# Oddity in Nissin i40 flash slave -- or not?



## jonathan7007 (Nov 2, 2015)

I was out on the street at 5am with the bicyclist posing in front of me. We had been asked to do a simple shot so on a low tripod to allow me to drag the shutter to render street and commercial lights while a 580EX2 -- set for Manual -- was on the shoe of the 1DsMark3. Assistant to my right had, in hand, a Nissin i40 and the plan was to side-light the subject with this little unit firing slaved -- optically. I have often used this small flash in interiors I shoot when some dark nook requires a slaved light kick in a hard-to-hide-the-flash place. That experience ws always with my Einsteins.

As usual, I set the Nissin for Slave-Digital ("Sd") and to my annoyance it did not fire even when placed right in front of the 580 (as a test). We gave up the sidelight idea, had only a minute or two to finish.

Later I tested in my office and saw that with the 580ex2 I could get slaved fire from the i40 at "Sf", what Nissin calls, "slave-film". 

I don't know what is different than my experience with my Einsteins. Yes, we were outside which can be a problem for slaves, but it was still dark... no ambient to speak of. I was on Manual so no preflash.

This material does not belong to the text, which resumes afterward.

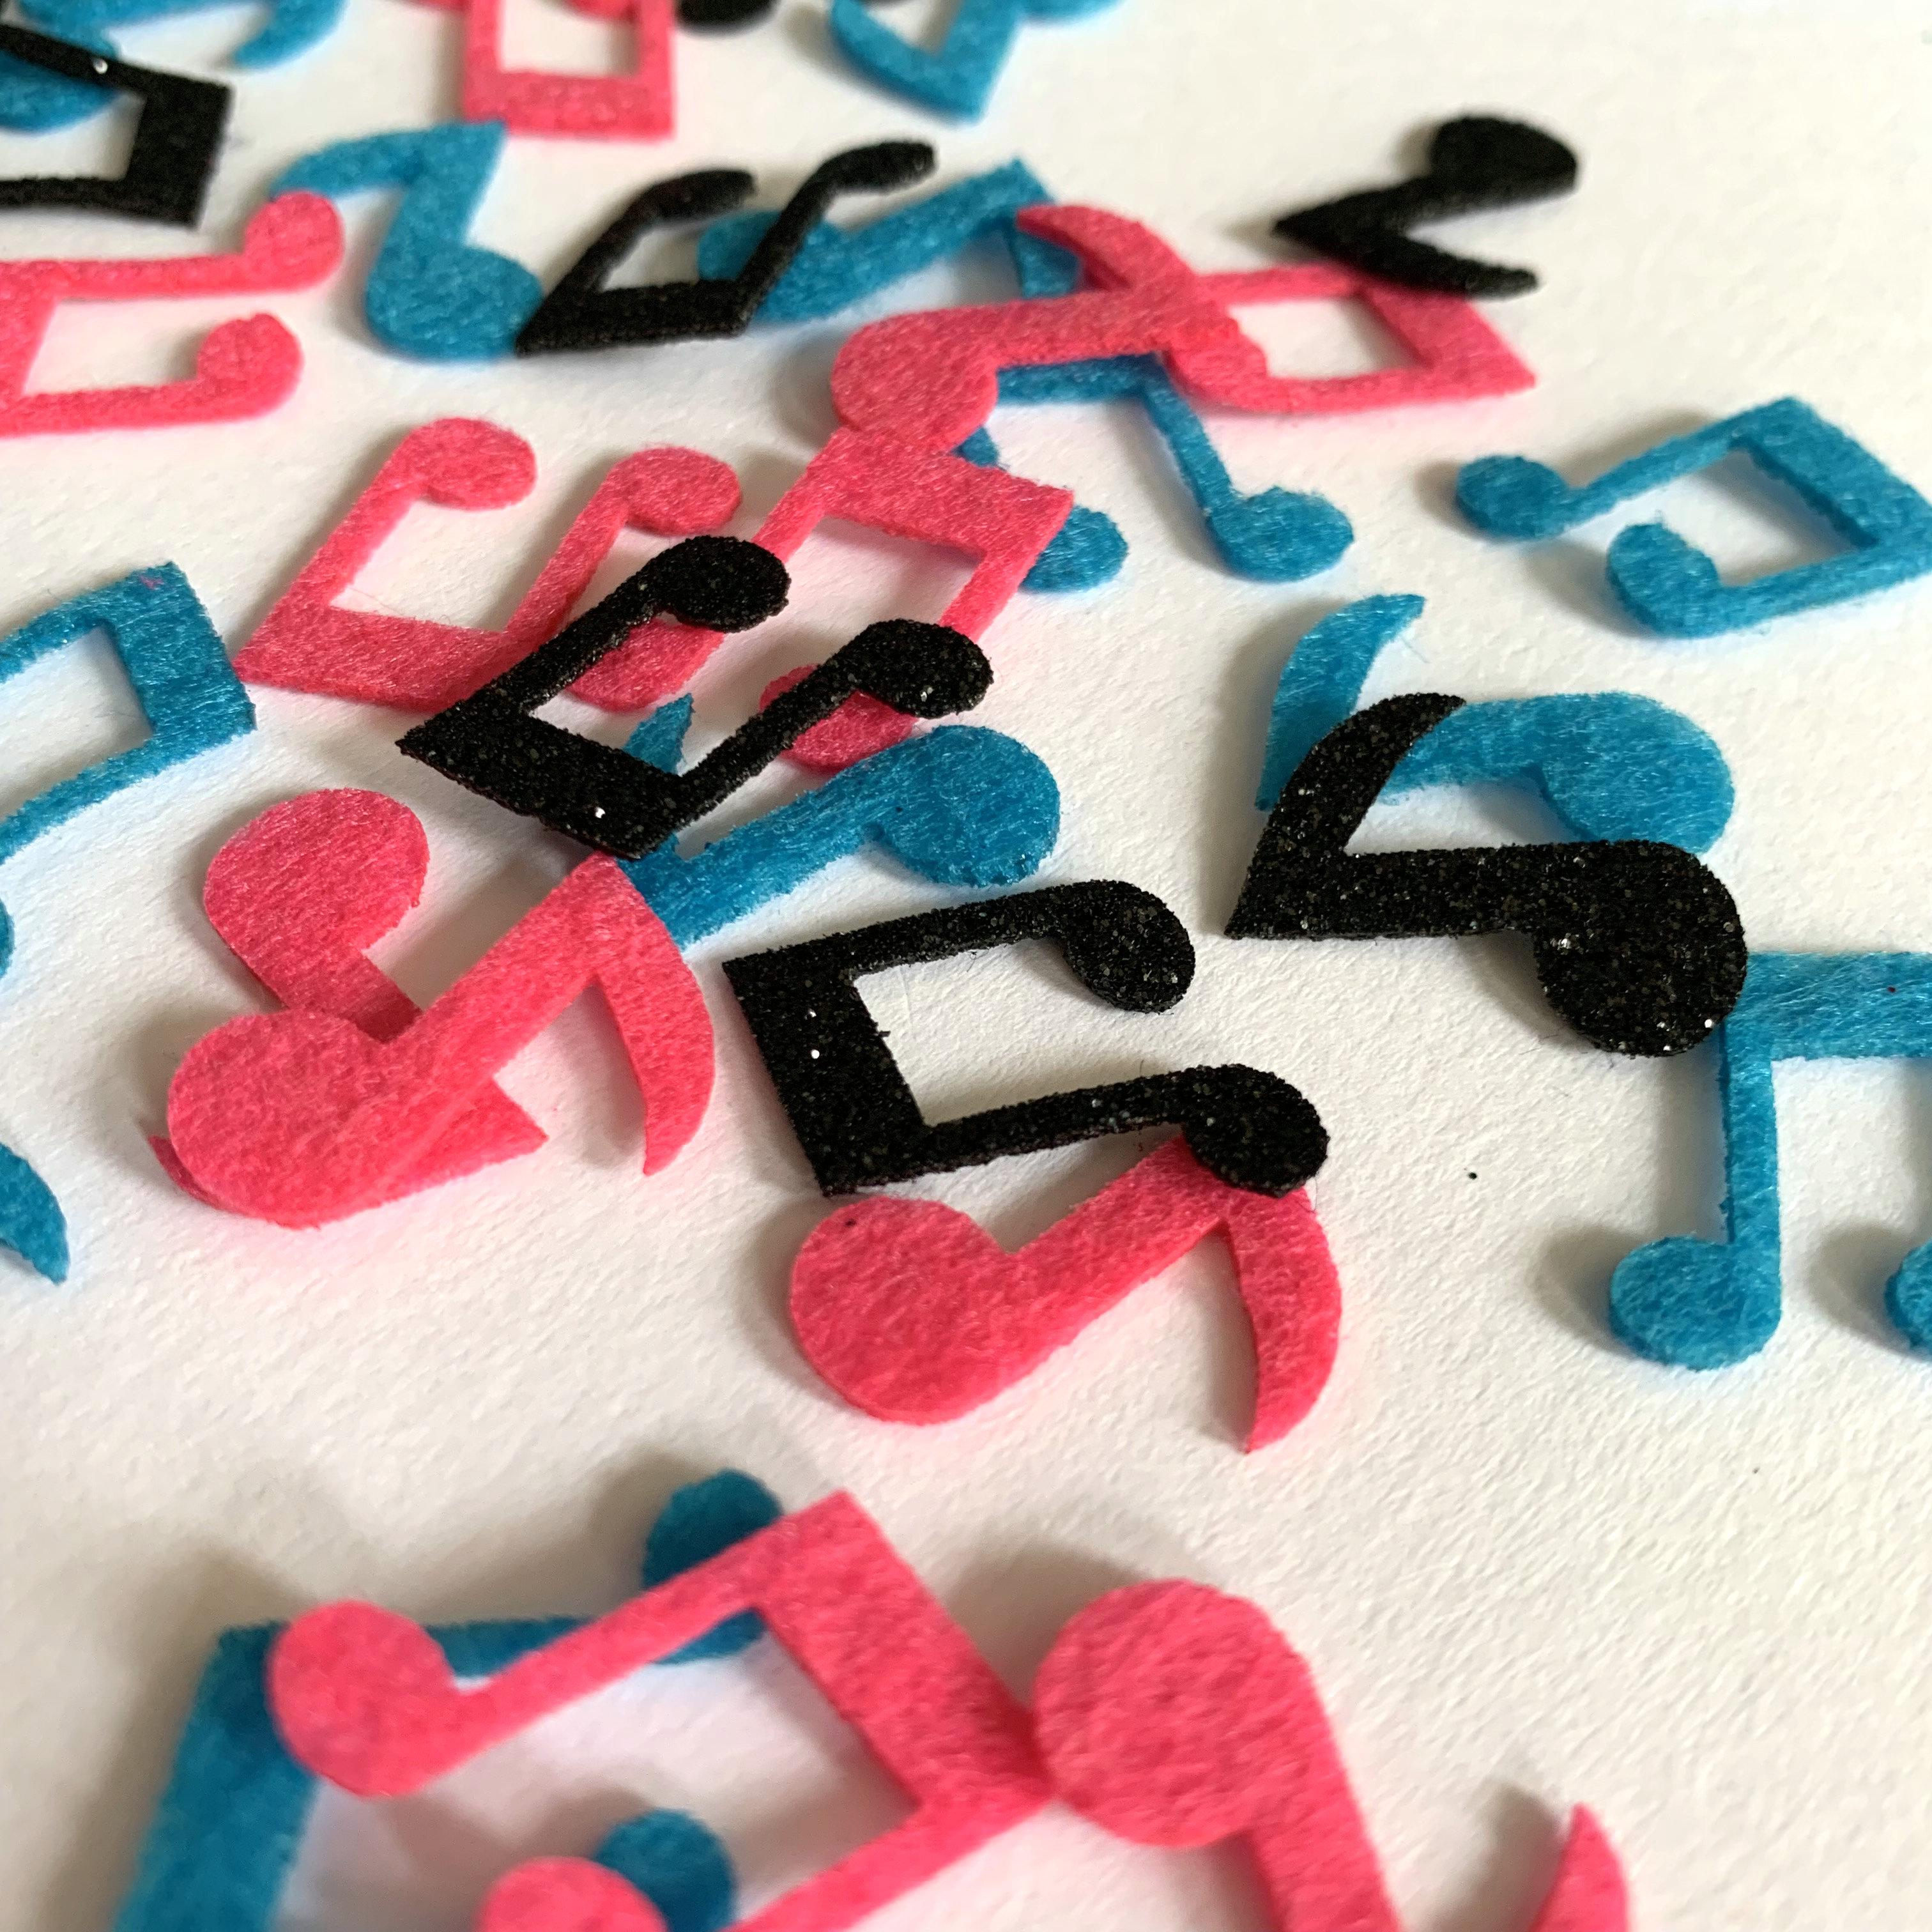 Nota musical confeti trébol Feliz cumpleaños Mesa Scatters decoraciones Glitter no tejido suministros de fiesta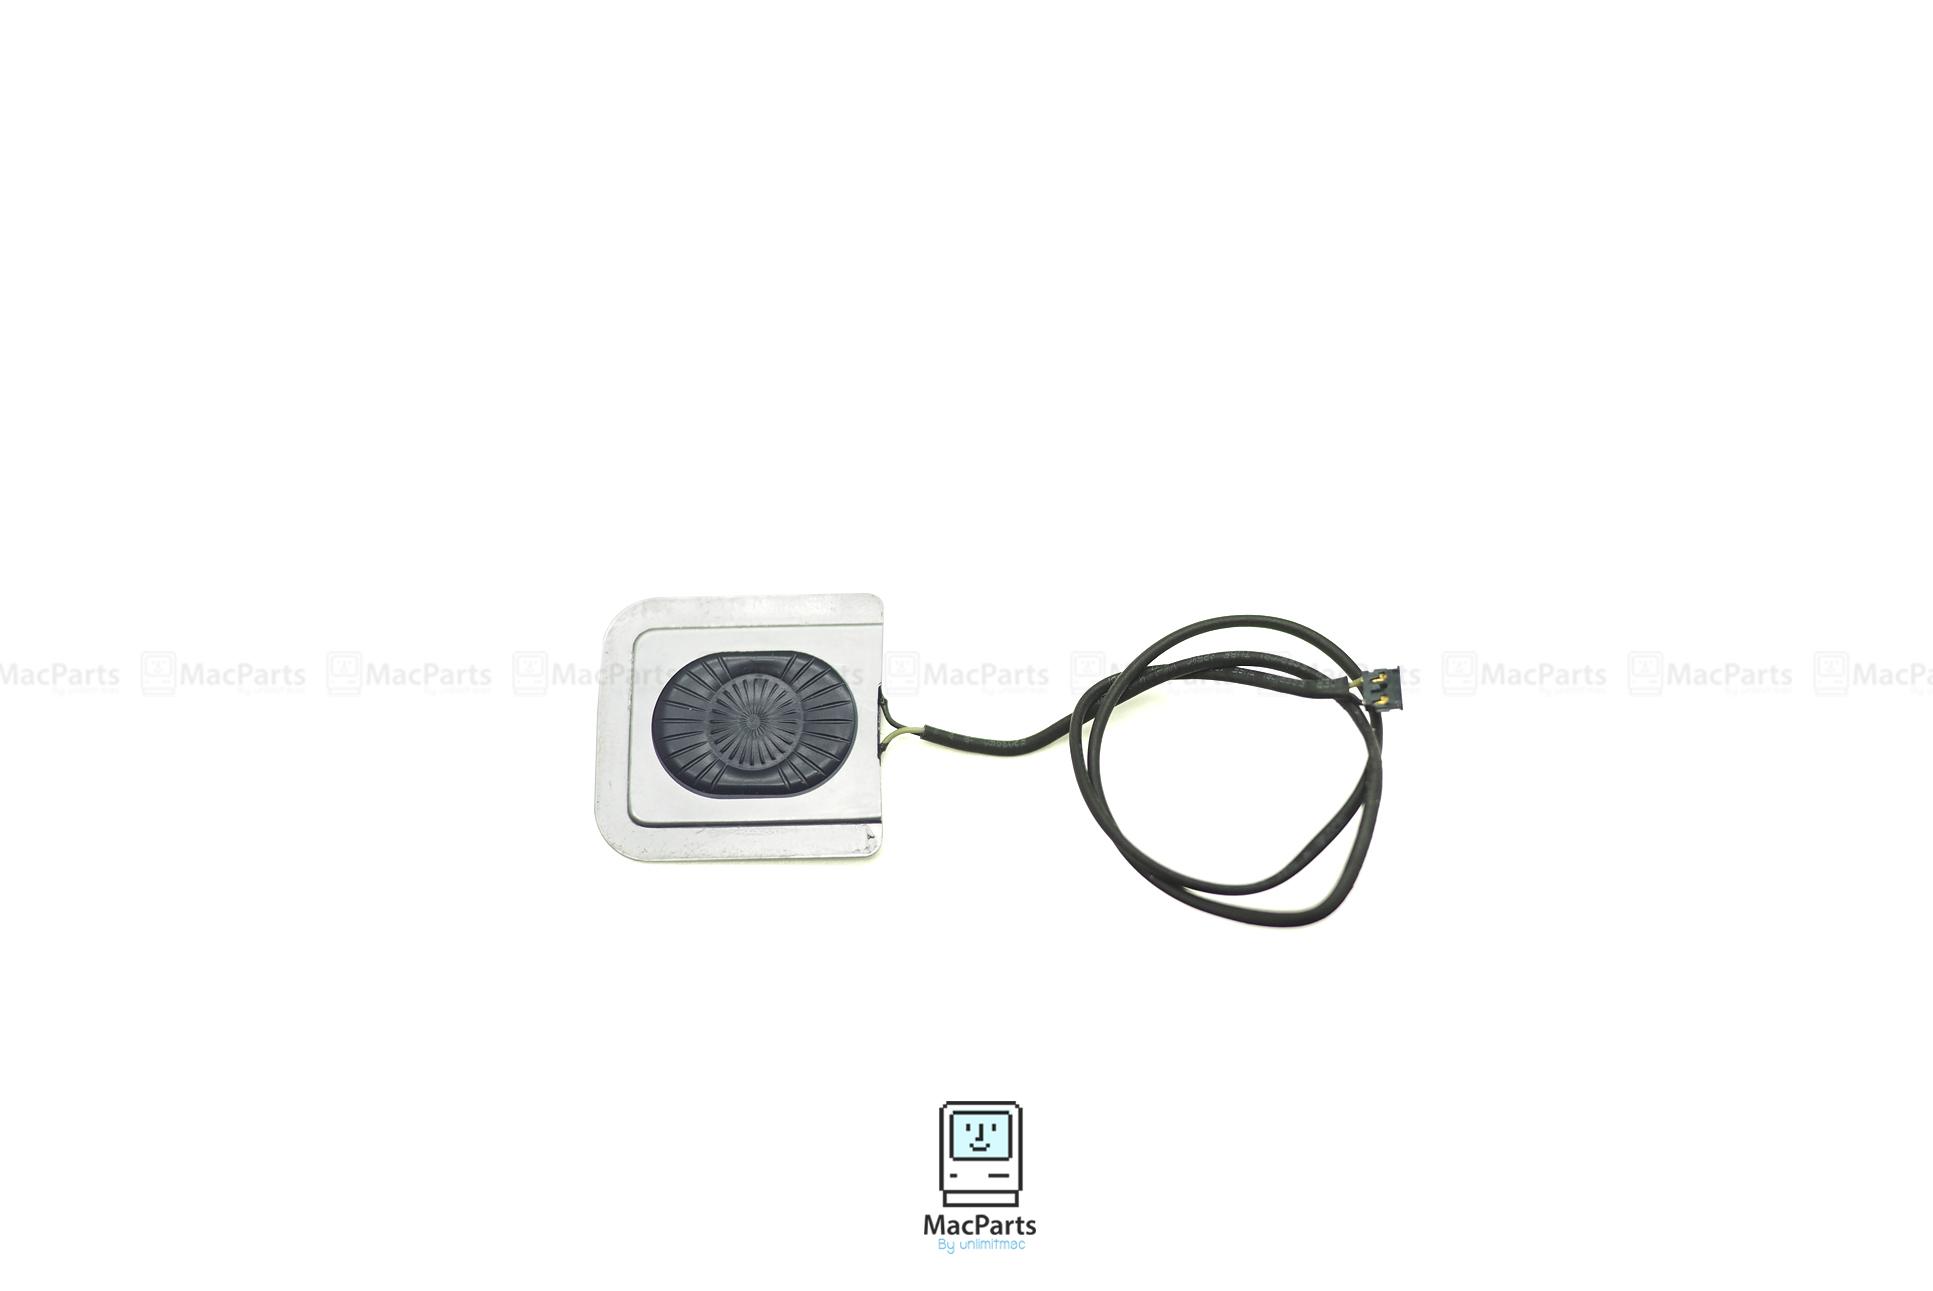 MacBook White Unibody Model A1342 Left Speaker Used , ลำโพงซ้ายแม็คบุ๊คไวท์ยูนิบอดี้

I was shooting at 1/8/or 1/16th, but the unit didn't fire right in front of the 580's tube as a test.

I don't think I can call Nissin but maybe I will try... Thoughts anyone?

Jonathan7007


----------



## Valvebounce (Nov 2, 2015)

Hi Jonathan. 
The reason it worked on sf and not sd is because you were on manual on the trigger, setting manual removes the ETTL pre flash which the Nissin is expecting to see in digital mode and ignore so it fires on the main flash, so effectively it was waiting for the second flash directly after the flash you wanted to fire it. They really could make this easier by designating them ETTL and manual or ETTL and pre flash ignore. Pre flash ignore is also useful for ignoring red eye reduction lights. 
I have a Nissin Di622 which only works as a slave in ETTL mode and took me working this out to find out why it wouldn't fire on manual flash! It's for sale! 

Cheers, Graham.


----------



## jonathan7007 (Nov 3, 2015)

Ah. If the gear is going to "think" it should voice its concerns, "Where is my preflash, sir, please?"

THANK YOU for the explanation.

This is my fault because I hadn't ever tested this use case and tried it on a shoot. Yes, the manual (a single sheet with controls very simply labeled) could have called this out but hey, that's why we get paid the big bucks.

I bought some 580EX2's just to have speedlights equipped with the PC connection -- so I could use them my preferred way: little manual location strobes for when the Einstein kit isn't appropriate. Since Canon didn't want to provide the 580EX2 with a built-in I'll always take a bunch of little ones of my own.

Again, much thanks.


----------